Have you ever thought about what you would do if the engine wasn’t producing enough power to get you airborne during takeoff, or quit immediately after takeoff? How would you determine whether the engine is performing as advertised in the POH, during those first critical seconds of the takeoff roll? Do you check the oil temperature, oil pressure, and tachometer to verify the engine is performing as expected? Do you check the airspeed indicator to make sure it’s registering correctly? Do you know where your abort point is on the runway if any of the aforementioned parameters are abnormal?
When performing a routine touch and go for practice, how closely do you pay attention to where you actually touch down, and how far down the runway you are at the point of liftoff? After the touch and go, do you have enough runway straight ahead to land if the engine were to quit immediately after liftoff? Where will you land if the engine quits and there’s no available runway straight ahead? If the answer is “I don’t know” to any of these questions, you have some homework to do. Read on.
Let’s begin by taking a look at a concept known as accelerate-stop distance. The FAA Airplane Flying Handbook, Chapter 12, Transition to Multiengine Airplanes, defines accelerate-stop distance as “the runway length required to accelerate to a specified speed, experience an engine failure, and bring the airplane to a complete stop.” But the handbook doesn’t provide any guidance on this for single engine pilots.
An obscure FAA fact sheet titled Pattern Precision, published in 2020, suggests the following: “When planning takeoff from short unobstructed runways, establish a landmark at 50% of your calculated takeoff distance. When reaching that landmark, you should be at 70% of your rotation speed. If not, abort the takeoff and reduce weight or wait for more favorable wind and temperature conditions.”
This so-called “70/50” (or “50/70”) rule has been well known to bush pilots for decades, and can be a lifesaver when dealing with high density altitude situations, as in this example. But are there other reasons why a pilot might not reach that key speed by the predetermined abort point?
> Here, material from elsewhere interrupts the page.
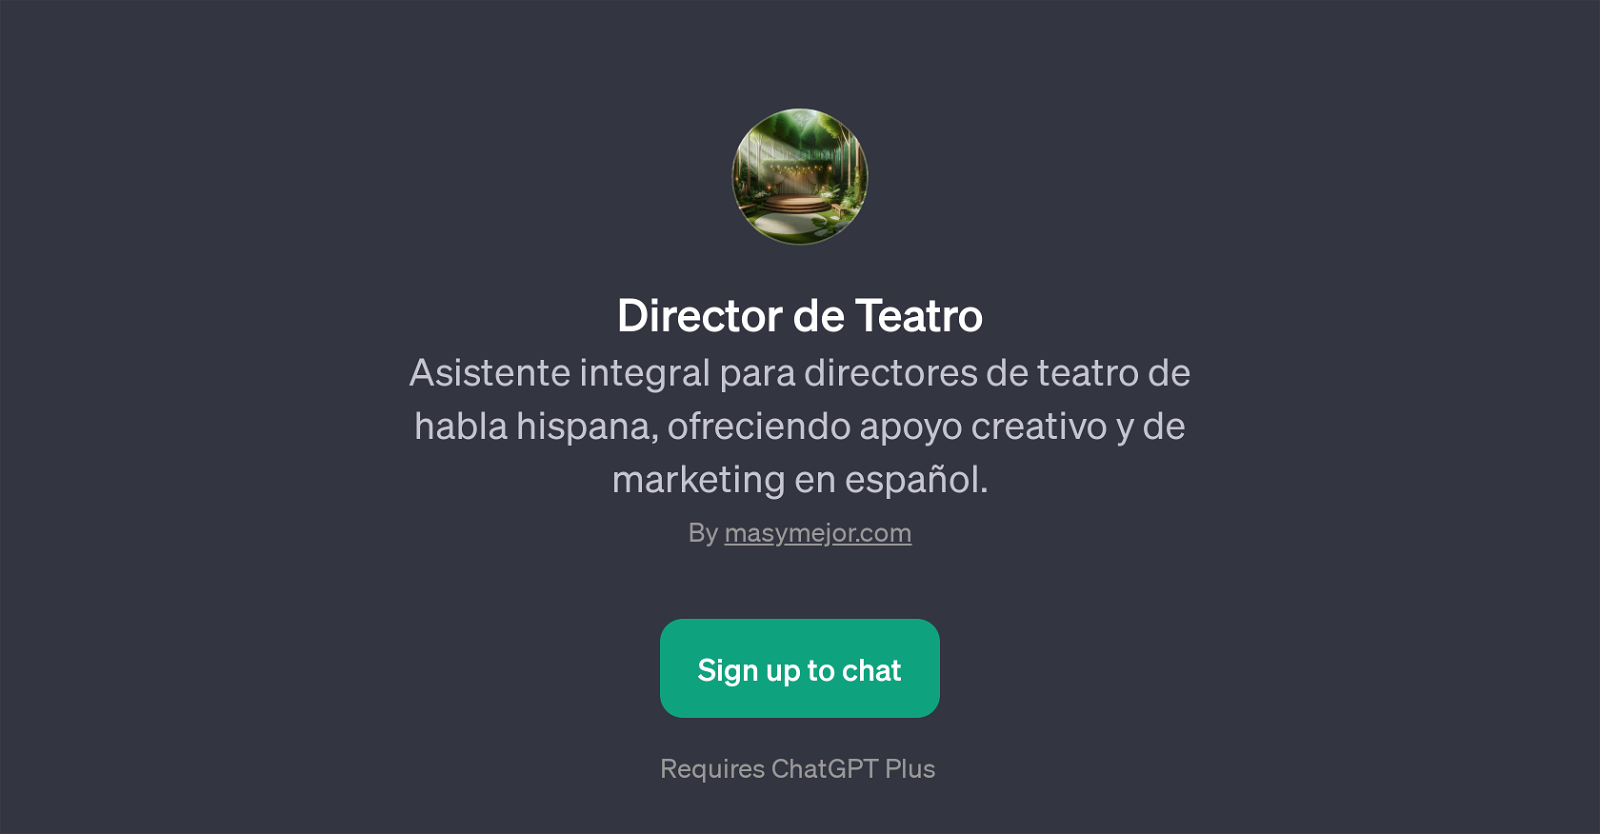 Director de Teatro website

What if the engine isn’t quite producing as much power as advertised? Check out this pilot’s story:
In a single-engine Cessna trainer, we can use a combination of accelerate-stop distance and the 70/50 rule to determine the point at which we must abort the takeoff and have sufficient runway straight ahead to stop. If we combine the takeoff and landing data from the POH, we can estimate how much runway we would need to accelerate to takeoff speed, get airborne, and then land straight ahead if the engine quit immediately after takeoff.
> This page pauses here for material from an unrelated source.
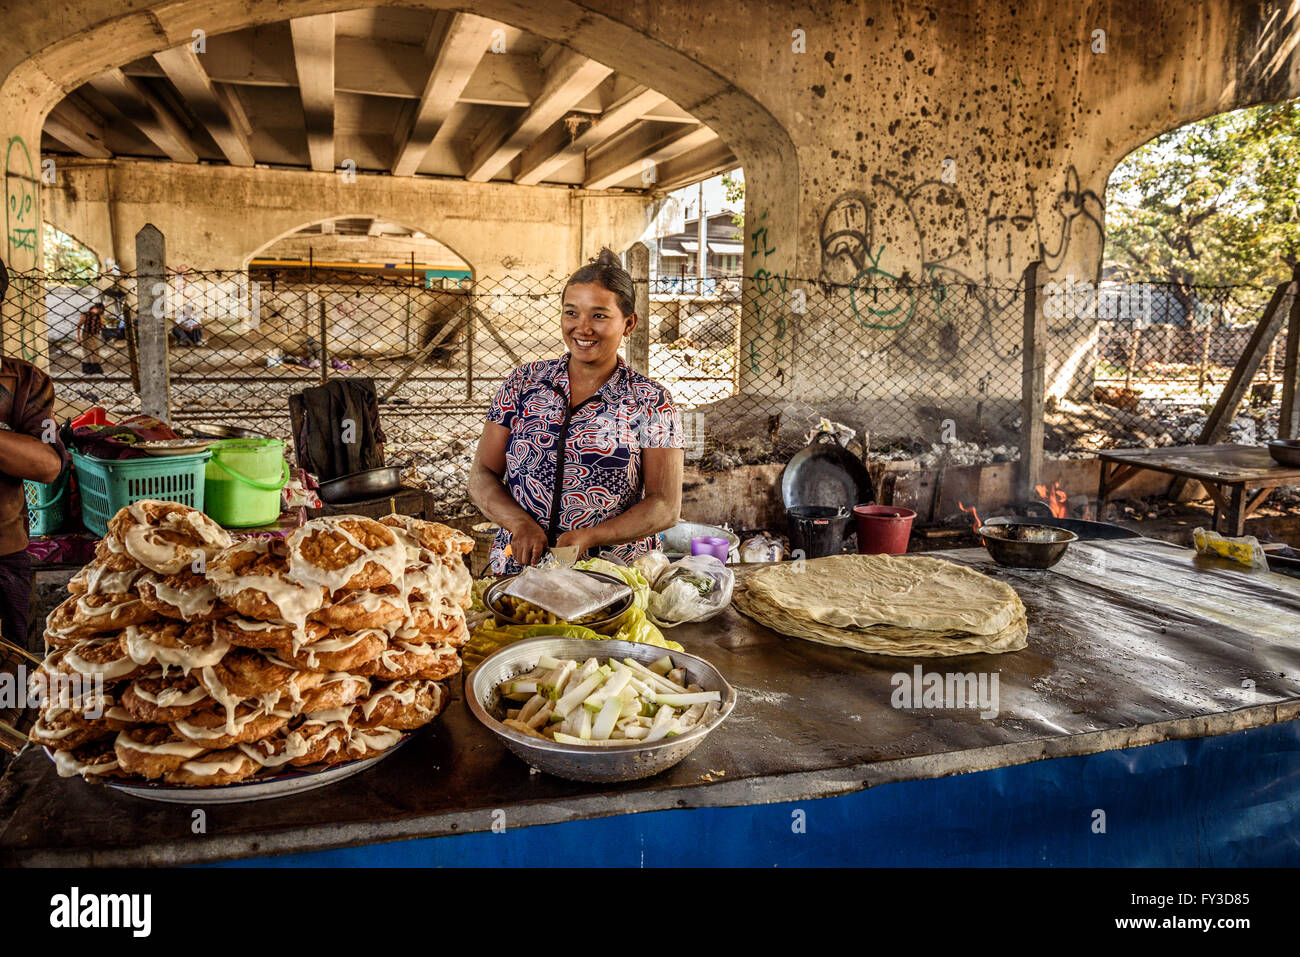 Cuisson et vend des aliments de rue dans la région de Yangon. Banque D'Images

Let’s study the data for our beloved 1969 Cessna 150J, N60254, which is by all accounts the weakest performer in the fleet in terms of climb performance and cruise airspeed. The POH advertises a takeoff ground run of 735 feet, with 1,385 feet required to clear a 50-foot obstacle; and a landing roll of 445 feet, with 1,075 feet required to clear a 50-foot obstacle. If we put these two numbers together we can estimate that if we start from a stop at the threshold (using all available runway), accelerate to takeoff speed and get 50 feet in the air, we would have traveled 1,385 feet at that point. Then, if the engine quits, we could descend, land and come to a stop from that 50-foot height in another 1,075 feet, resulting in a total distance traveled of 1,385 + 1,075 = 2,460 feet. Knowing that the runways at our home airport are approximately 4,000 feet long, we can calculate that we must begin the takeoff roll no further than 1,500 feet from the beginning of the runway in order to have enough room to execute this maneuver if needed.
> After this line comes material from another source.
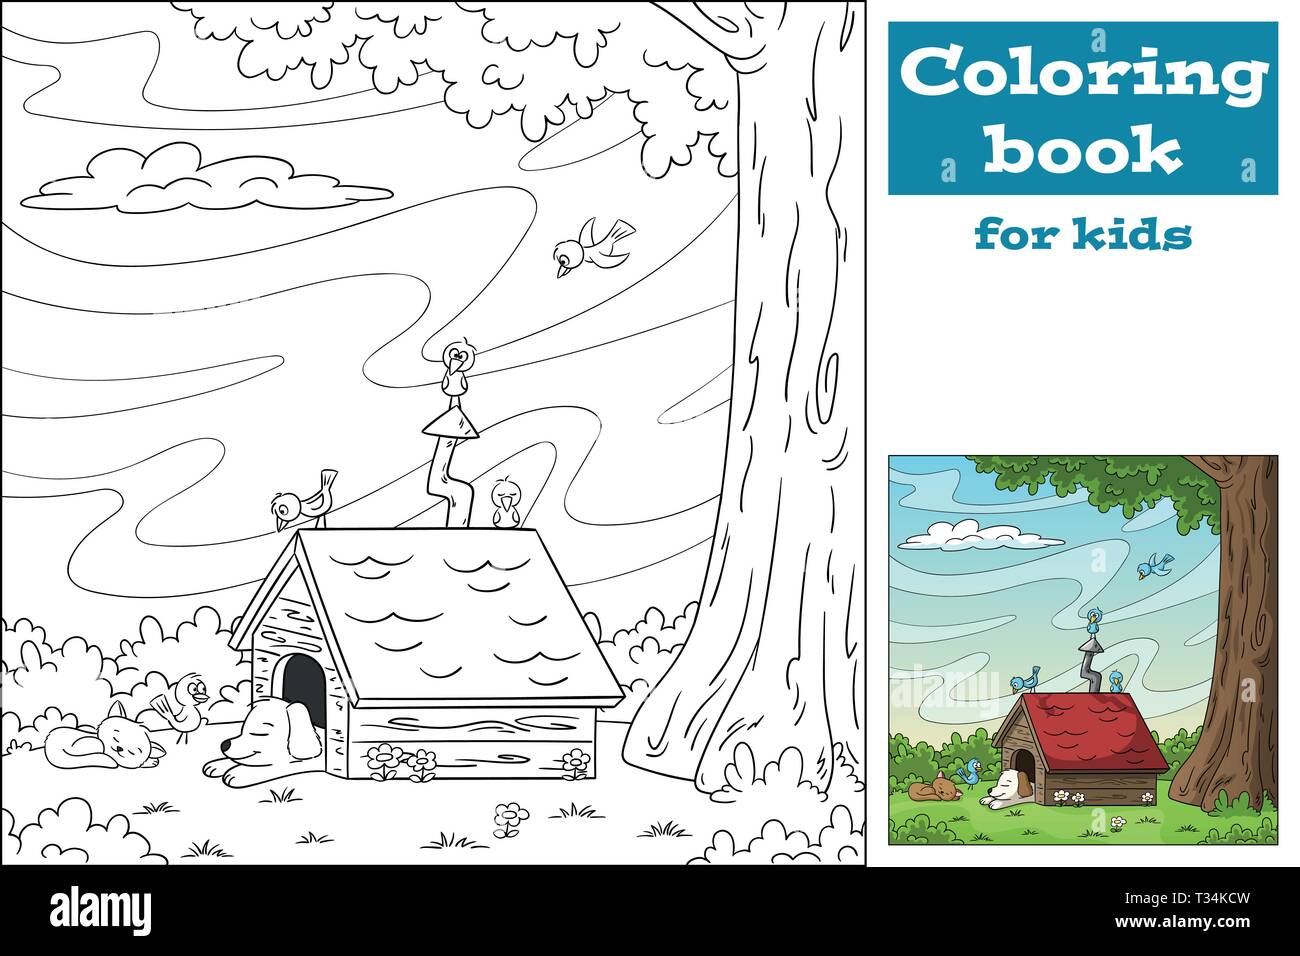 Libro para colorear para niños fotografías e imágenes de alta resolución -  Alamy

The reality, though, is we rarely begin our takeoff roll from the beginning of the runway. More often than not, when winds are favoring Runway 32 or 23, we depart from an intersecting taxiway (E or F, respectively) and have approximately 3,600 feet of runway available from that point. This is still more than our 2,460-foot requirement, but remember the POH numbers were based on a brand new airplane with a brand new engine. Also, we still need to know how to visually identify the abort point.
The 70/50 rule says we should have achieved 70 percent of our takeoff speed by the time we reach 50 percent of our takeoff ground run. Using the N60254 data, our estimated ground run at sea level on a standard day is 735 feet, so half of that is approximately 368 feet. Let’s round that up to 400 feet, which is a much easier distance to visualize on the runway. The FAA standardizes the distance between runway centerline stripes at 200 feet, from the beginning of one stripe to the beginning of the next one (including the blank space between them). So tell yourself that you’ve got two runway centerline stripes to get to 70 percent of your takeoff speed.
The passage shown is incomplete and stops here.